Multiculturalism in America
Multiculturalism relates to communities containing multiple cultures. In the United States, multiculturalism is not clearly established in policy at the federal level, but ethnic diversity is common in both rural and urban areas. Continuous mass immigration was a feature of the United States economy and society since the first half of the 19th century. The absorption of the stream of immigrants became, in itself, a prominent feature of America’s national myth. The idea of the Melting pot is a metaphor that implies that all the immigrant cultures are mixed and amalgamated without state intervention
Critics of multiculturalism often debate whether the multicultural ideal of benignly co-existing cultures that interrelate and influence one another, and yet remain distinct, is sustainable, paradoxical, or even desirable. It is argued that Nation states, who would previously have been synonymous with a distinctive cultural identity of their own, lose out to enforced multiculturalism and that this ultimately erodes the host nations’ distinct culture.
Affirmative Action in America
Since the case of Regents of the University of California v.Bakke in 1978, several Supreme Court cases have revisited questions of affirmative action in higher education. The majority of these cases have limited universities’ abilities to incorporate race into admissions .
In 2003, the Supreme Court heard the case of Gratz v. Bollinger, regarding the undergraduate admissions policies of the College of Literature, Science, and Arts at the University of Michigan. The University of Michigan used a 150-point scale to rank applicants, with 100 points needed to guarantee admission. The University gave underrepresented ethnic groups, including African-Americans, Hispanics, and Native Americans an automatic 20-point bonus on the scale. As a point of comparison, a perfect SAT score was worth 12 points. After being denied admission, Jennifer Gratz filed suit on the basis that the University of Michigan’s point system discriminated against her on the basis of race, as she belonged to none of the specified minority groups. The Supreme Court held that the university could still consider race in college admissions, but that the University of Michigan’s ranking and point system was unconstitutional because it gave an automatic point increase to all racial minorities rather than considering what a specific individual could contribute to campus life.

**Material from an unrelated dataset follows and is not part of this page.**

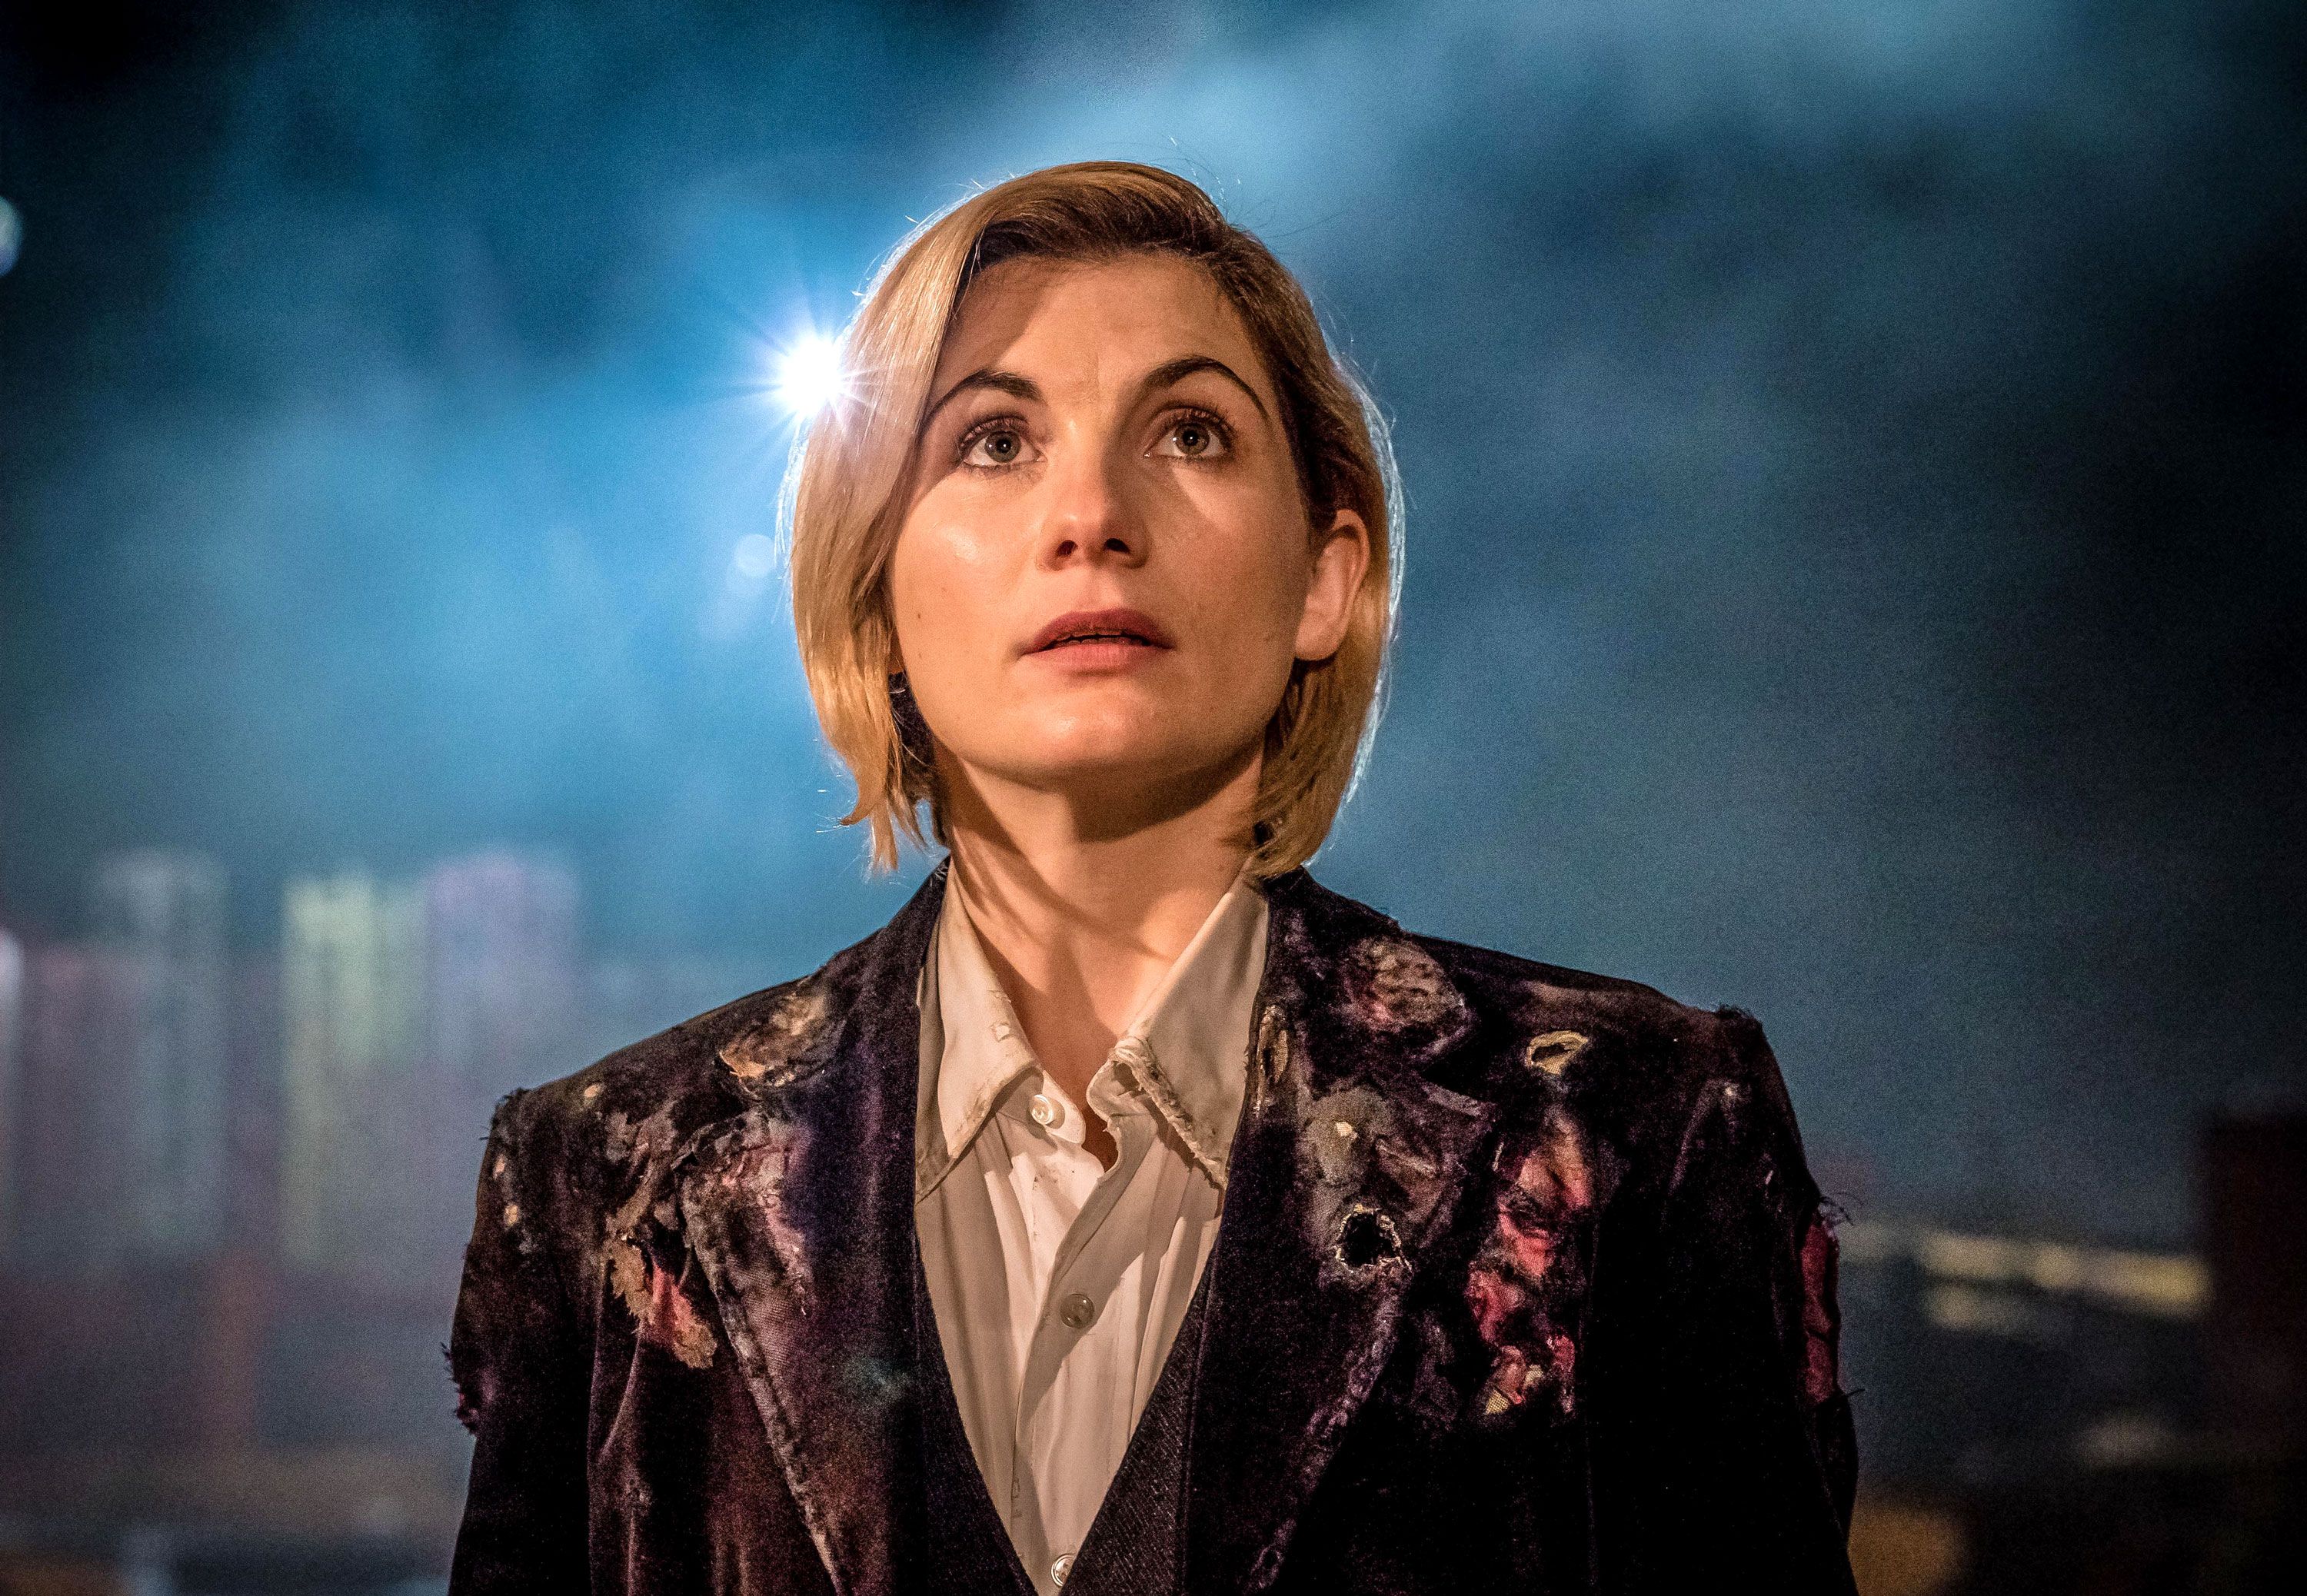 Doctor Who: The Complete Eleventh Series: : Jodie

The Supreme Court is expected to rule again on affirmative action in the upcoming term in the case of Fisher v. University of Texas. The case is brought by Abigail Fisher after she was denied admission to the University of Texas at Austin. UT Austin guarantees admission to the top 10% of students in every high school class, regardless of race. Fisher was not in the top 10% and was therefore evaluated based on her merits. She contends that race plays too great of a role in the decision making for students outside of the 10% rule.
The Supreme Court Building
Since Bakke in 1978, the Supreme Court has slowly been limiting the types of affirmative action programs that are deemed constitutional.